Res Comput Mol Biol. 2017 May;10229:99-116. doi: 10.1007/978-3-319-56970-3_7. Epub 2017 Apr 12.
Estimating the false discovery rate (FDR) among a list of tandem mass spectrum identifications is mostly done through target-decoy competition (TDC). Here we offer two new methods that can use an arbitrarily small number of additional randomly drawn decoy databases to improve TDC. Specifically, "Partial Calibration" utilizes a new meta-scoring scheme that allows us to gradually benefit from the increase in the number of identifications calibration yields and "Averaged TDC" (a-TDC) reduces the liberal bias of TDC for small FDR values and its variability throughout. Combining a-TDC with "Progressive Calibration" (PC), which attempts to find the "right" number of decoys required for calibration we see substantial impact in real datasets: when analyzing the data it typically yields almost the entire 17% increase in discoveries that "full calibration" yields (at FDR level 0.05) using 60 times fewer decoys. Our methods are further validated using a novel realistic simulation scheme and importantly, they apply more generally to the problem of controlling the FDR among discoveries from searching an incomplete database.

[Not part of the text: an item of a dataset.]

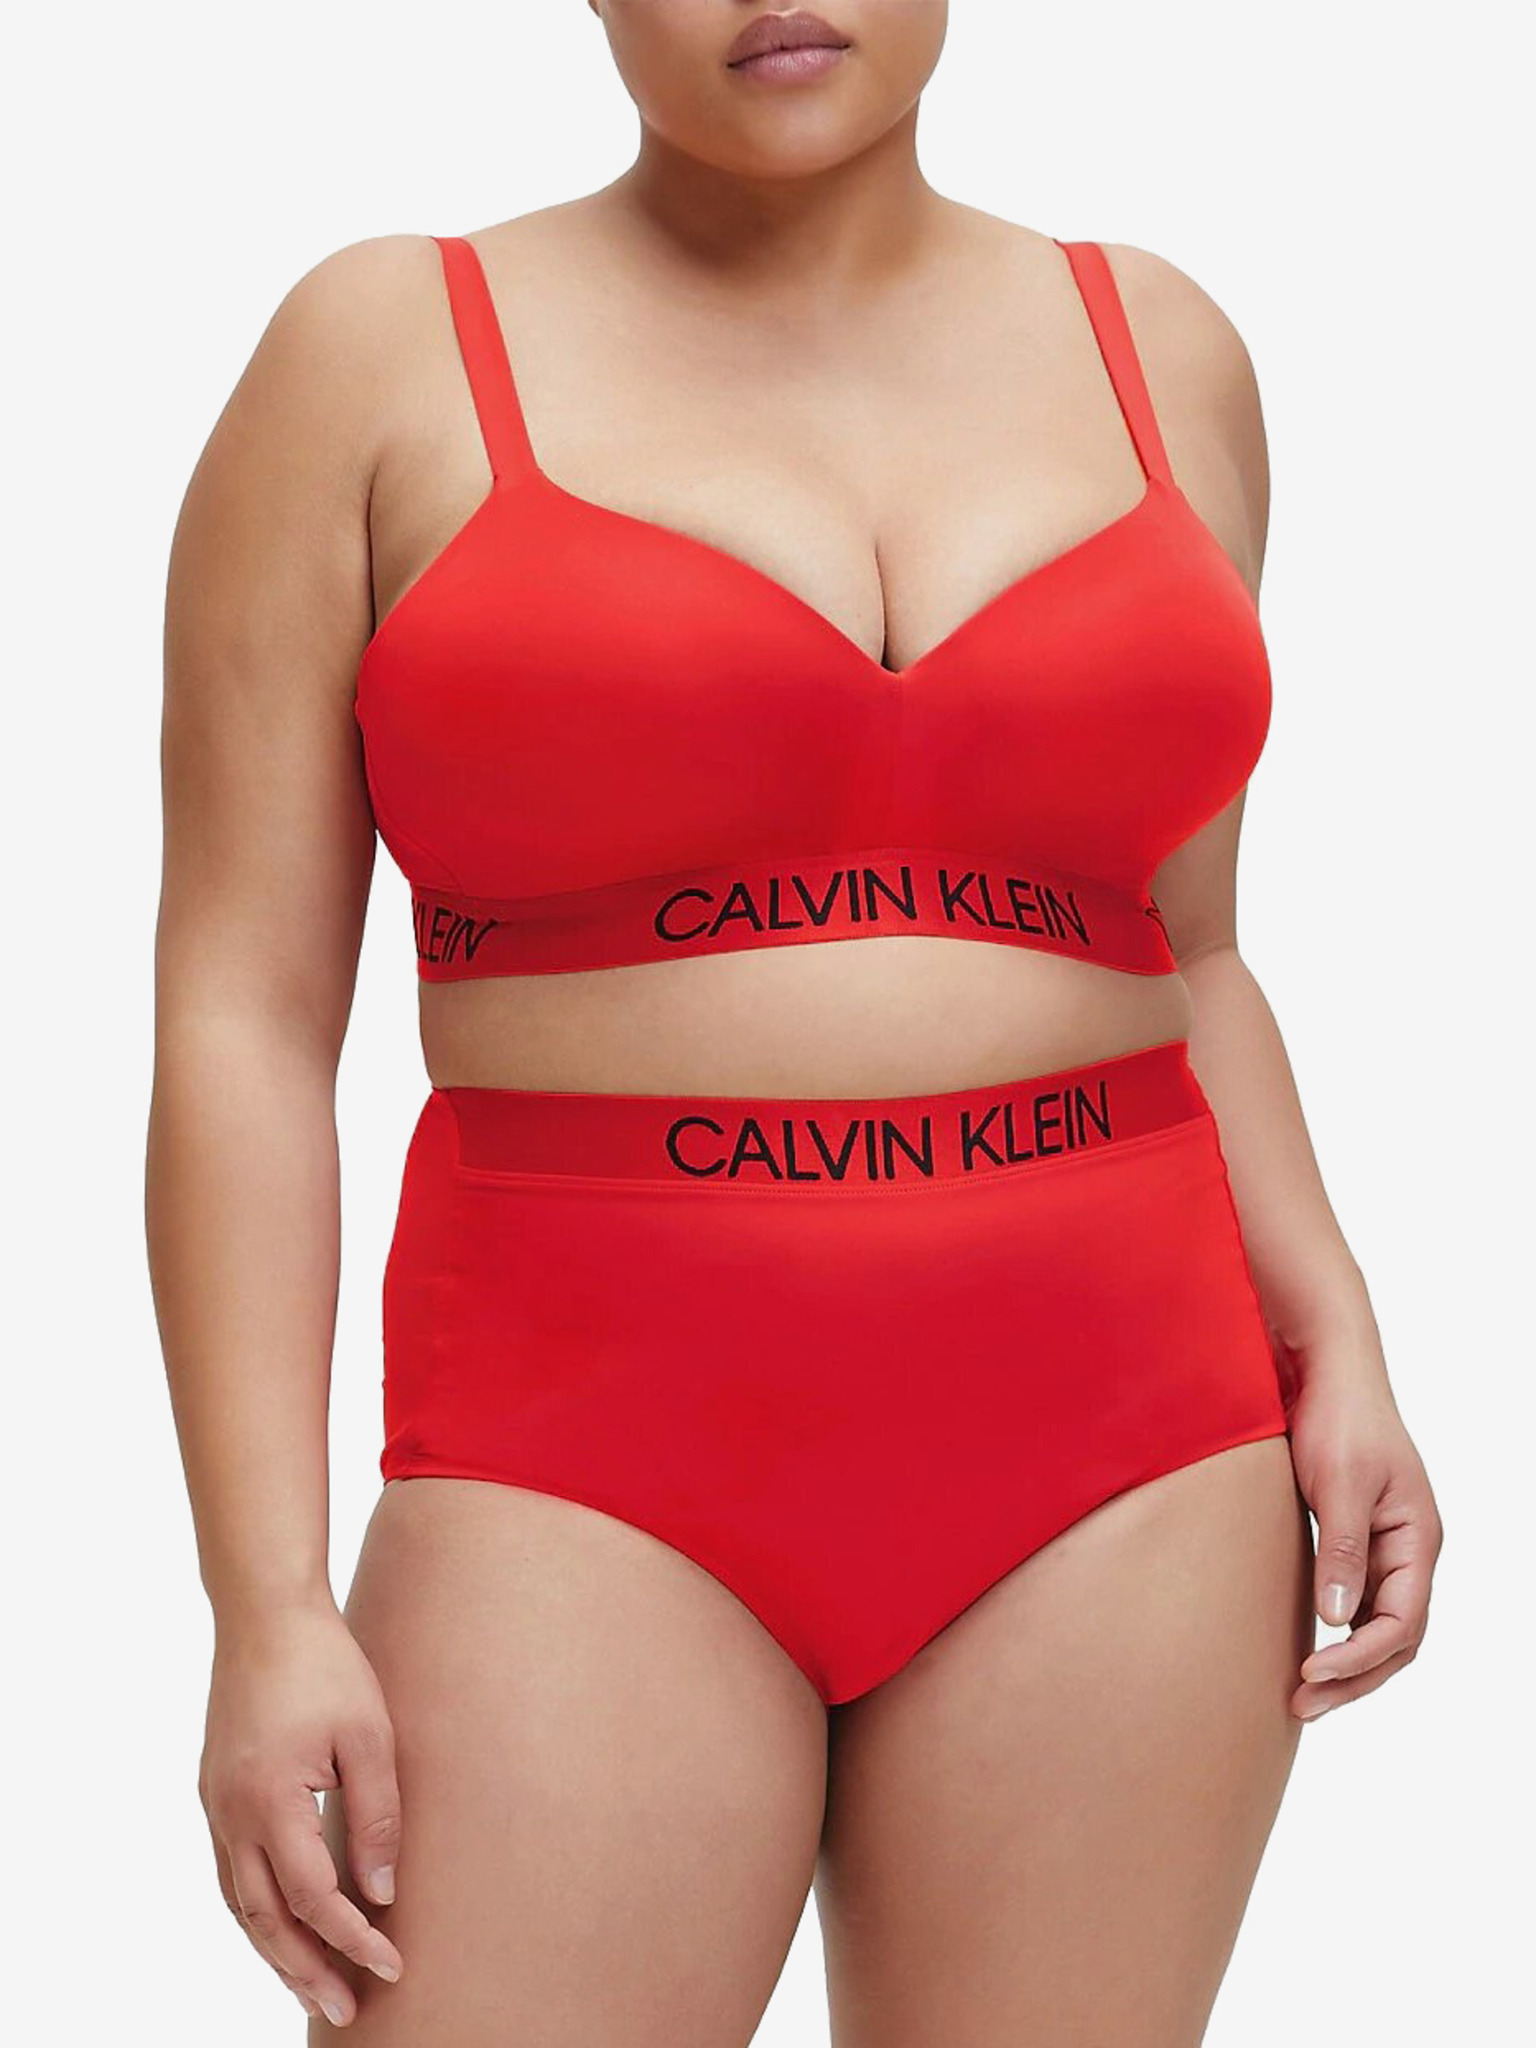 Calvin Klein Women's Red Lingerie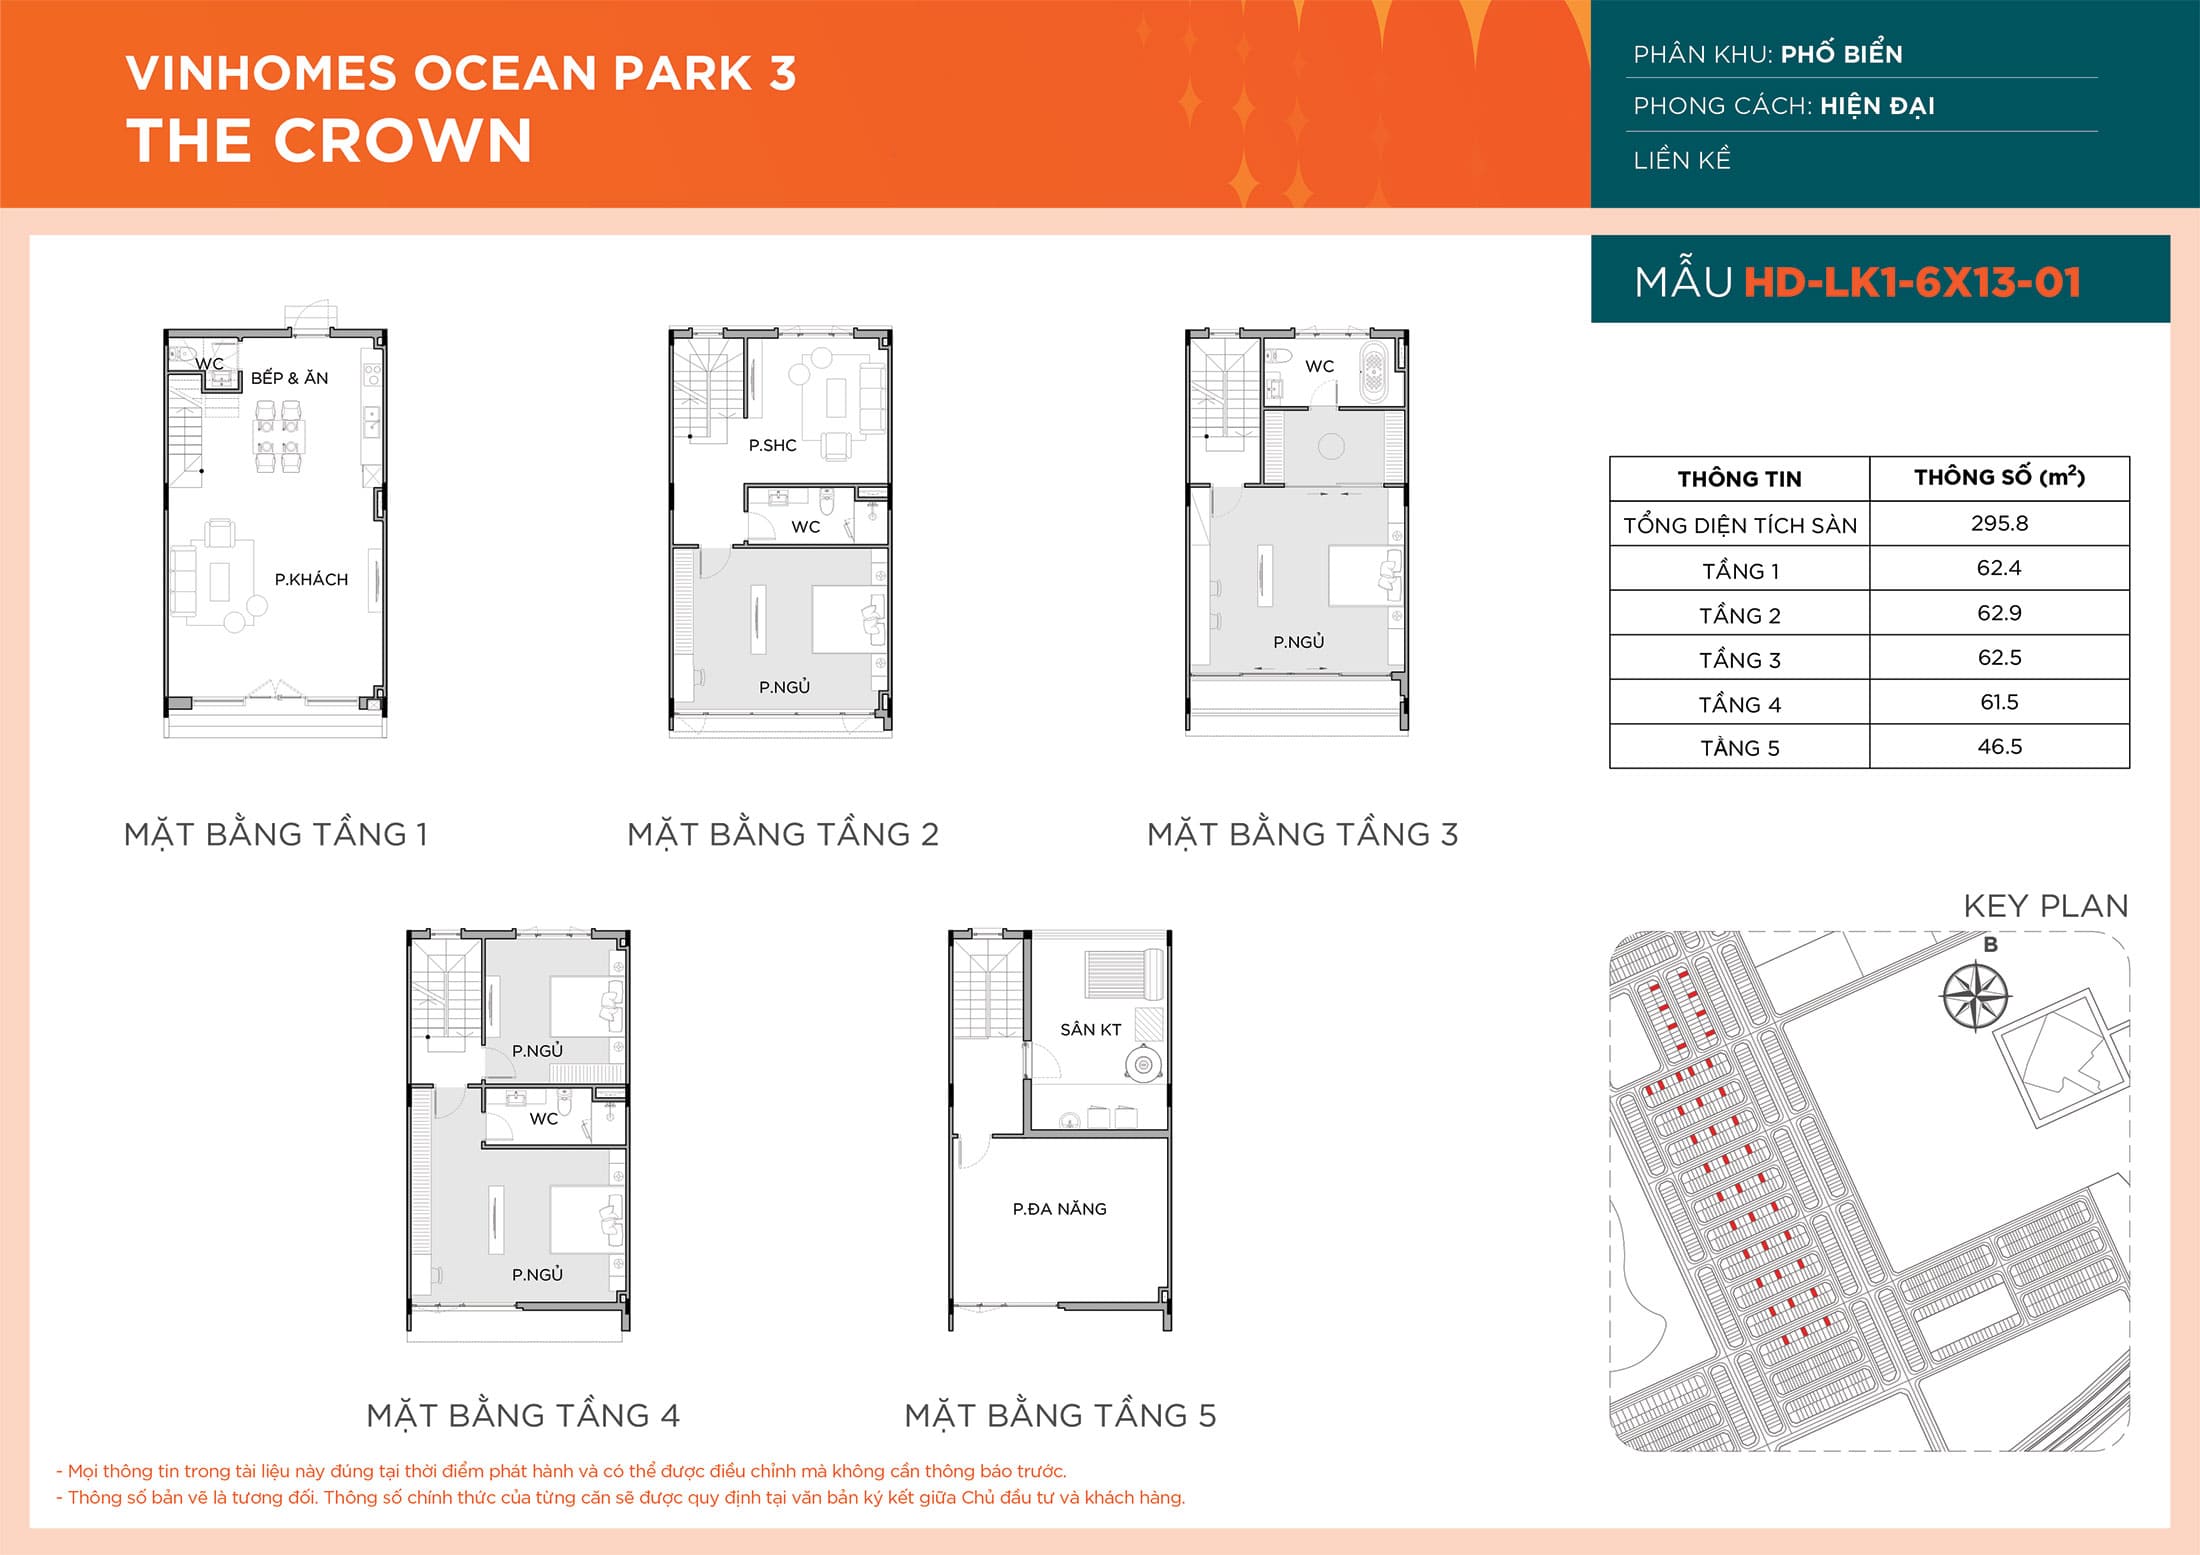 Layout thiết kế Liền Kề HD-LK1-6X13-01 phân khu Phố Biển dự án Vinhomes Ocean Park 3 - The Crown.

在串联质谱鉴定列表中估计错误发现率(FDR)大多是通过目标-诱饵竞争(TDC)来完成的。在此,我们提供了两种新方法,它们可以使用任意少量额外随机抽取的诱饵数据库来改进TDC。具体而言,“部分校准”利用了一种新的元评分方案,使我们能够逐步从校准所产生的鉴定数量增加中受益,并且“平均TDC”(a-TDC)减少了TDC对于小FDR值的宽松偏差及其整体变异性。将a-TDC与“渐进校准”(PC)相结合,PC试图找到校准所需的“正确”诱饵数量,我们在真实数据集中看到了显著影响:在分析数据时,它通常使用少60倍的诱饵就能产生几乎与“完全校准”(在FDR水平为0.05时)所产生的发现数量几乎整整17%的增长。我们的方法通过一种新颖的现实模拟方案得到了进一步验证,重要的是,它们更广泛地适用于控制从不完整数据库搜索中发现的FDR问题。